Aldi Sud dikabarkan berencana untuk membuka toko

cabang di New York tahun 2010 ini.

Anne Cox Chambers lahir pada tanggal 1 Desember

1919. Ia adalah konglomerat di bidang media yang

merupakan pemilik utama jaringan Cox Enterprise,

sebuah jaringan media yang termasuk surat kabar,

televise, radio, televisi kabel dan bisnis lain.

Wanita yang memiliki harta kekayaan senilai 10

miliar dolar ini merupakan pewaris Cox Enterprise

dari ayahnya, James M. Cox, yang pernah menjadi

calon Presiden dari Partai Demokrat pada tahun

1920. Selama 33 tahun ia menjadi pemilik kerjaan

bisnis ini bersama saudara perempuannya Barbara Cox

Anthony, yang meninggal dunia pada tahun 2007 lalu.

Tercatat bahwa Anne Cox Chambers merupakan salah

satu pendukung kampanye Barack Obama di tahun 2008

lalu.

Sulaiman Al Rajhi lahir pad tahun 1920 di Nejd,

Arab Saudi. Bersama dengan saudaranya Saleh, ia

mulai bisnis mereka dengan menukarkan mata uang

bagi orang-orang yang beribadah haji. Bermula dari

bisnis tesebut akhirnya pada tahun 1983 dua

bersaudara ini berhasil membuka bank syariah

pertama di Arab. Bank ini mengadopsi kaidah-kaidah

syariah yang salah satunya adalah tidak menerapkan

sistem bunga (riba) yang dilarang dalam Islam.
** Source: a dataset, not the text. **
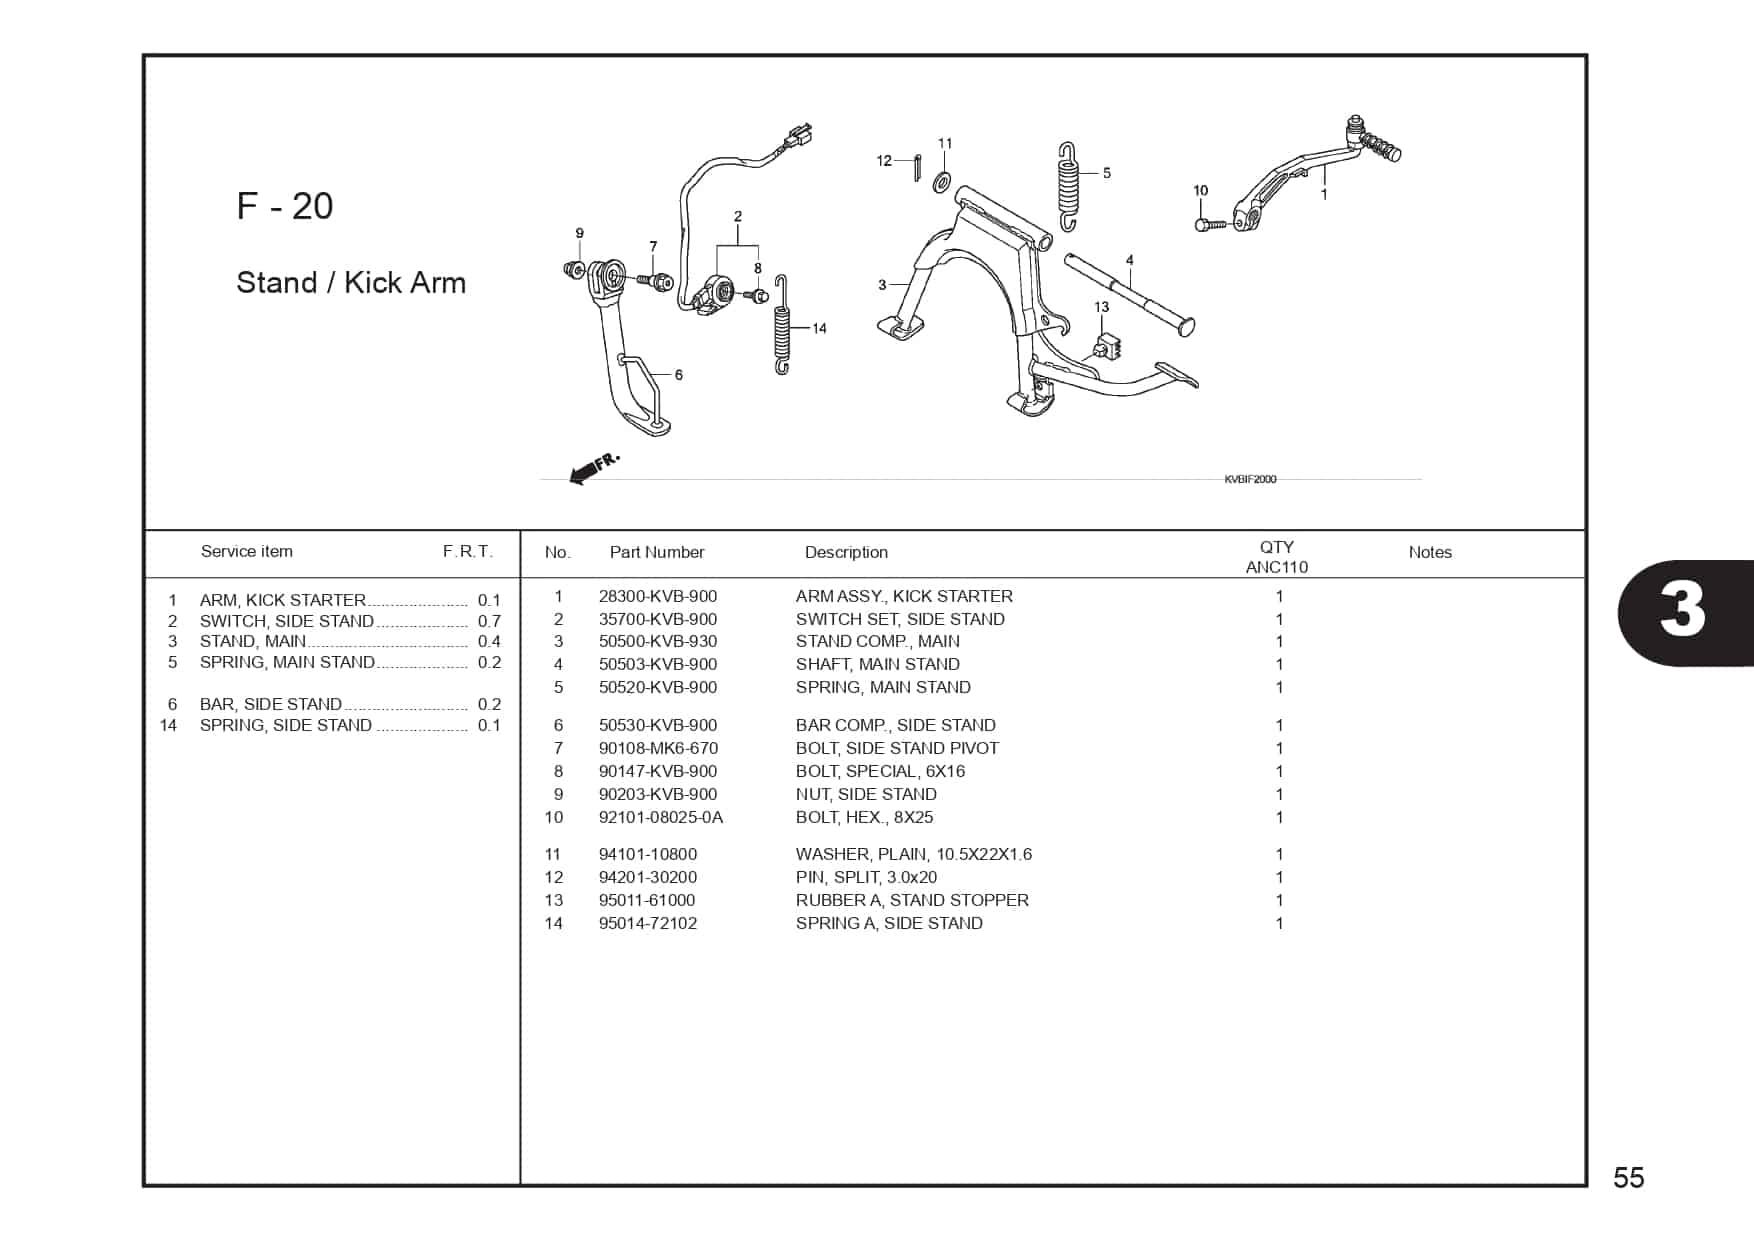 F-20 Stand/Kick Arm

Keluarga Al Rajhi hingga saat ini merupakan

pemegang saham utama di Bank Al Rajhi, meskipun

bisnis mereka berkembang pesat ke bidang-bidang

lain seperti pertanian, baja, dan sektor industry

lain. Kekayaan Al Rjahi diestimasi mencapai 6.5

miliar dolar.

Para Konglomerat Senior Indonesia
Eka Tjipta Widjaja (87 tahun) adalah pendiri Grup

Sinar Mas, grup yang salah satu bisnisnya terkenal

di bidang kelapa sawit (CPO). Eka masuk dalam 10

orang terkaya di Indonesia versi majalah Forbes

tahun 2007. Dia juga menjadi presiden komisaris

dari bank BII (Bank Internasional Indonesia). Gup

Sinar Mas juga merupakan pemilik dari perusahaan

Asian Pulp and Paper yang berkedudukan di

Singapura.

Ir. Ciputra (lahir di Parigi, Sulawesi Tengah, 24

Agustus 1931; umur 78 tahun) adalah seorang

insinyur dan pengusaha di Indonesia. Ia terkenal

sebagai pengusaha properti yang sukses, antara lain

pada Jaya Group, Metropolitan Group, dan Ciputra

Group. Selain itu ia juga dikenal sebagai seorang

filantropis, dan berkiprah di bidang pendidikan

dengan mengembangkan sekolah dan Universitas

Ciputra.


Mooryati Soedibyo yang bernama lengkap Hj. BRA.

Mooryati Soedibyo, S.S., M. Hum. (lahir di

Surakarta, Jawa Tengah, 5 Januari 1928; umur 82

tahun) adalah Wakil Ketua II Majelis

Permusyawaratan Rakyat, Presiden Direktur Mustika

Ratu, dan salah satu pencetus ide kontes pemilihan

Putri Indonesia yang digelar setiap tahun. Mooryati

Soedibyo tercatat oleh MURI sebagai peraih gelar

doktor tertua di Indonesia, dan sebagai "Empu

Jamu". Ia juga masuk sebagai urutan nomor 7 dalam

daftar 99 wanita paling berpengaruh di Indonesia

2007 versi majalah Globe Asia. Ibu Mooryati

merupakan cucu dari Sri Susuhan Pakoe Boewono yang

memang berdarah bangsawan keraton Surakarta.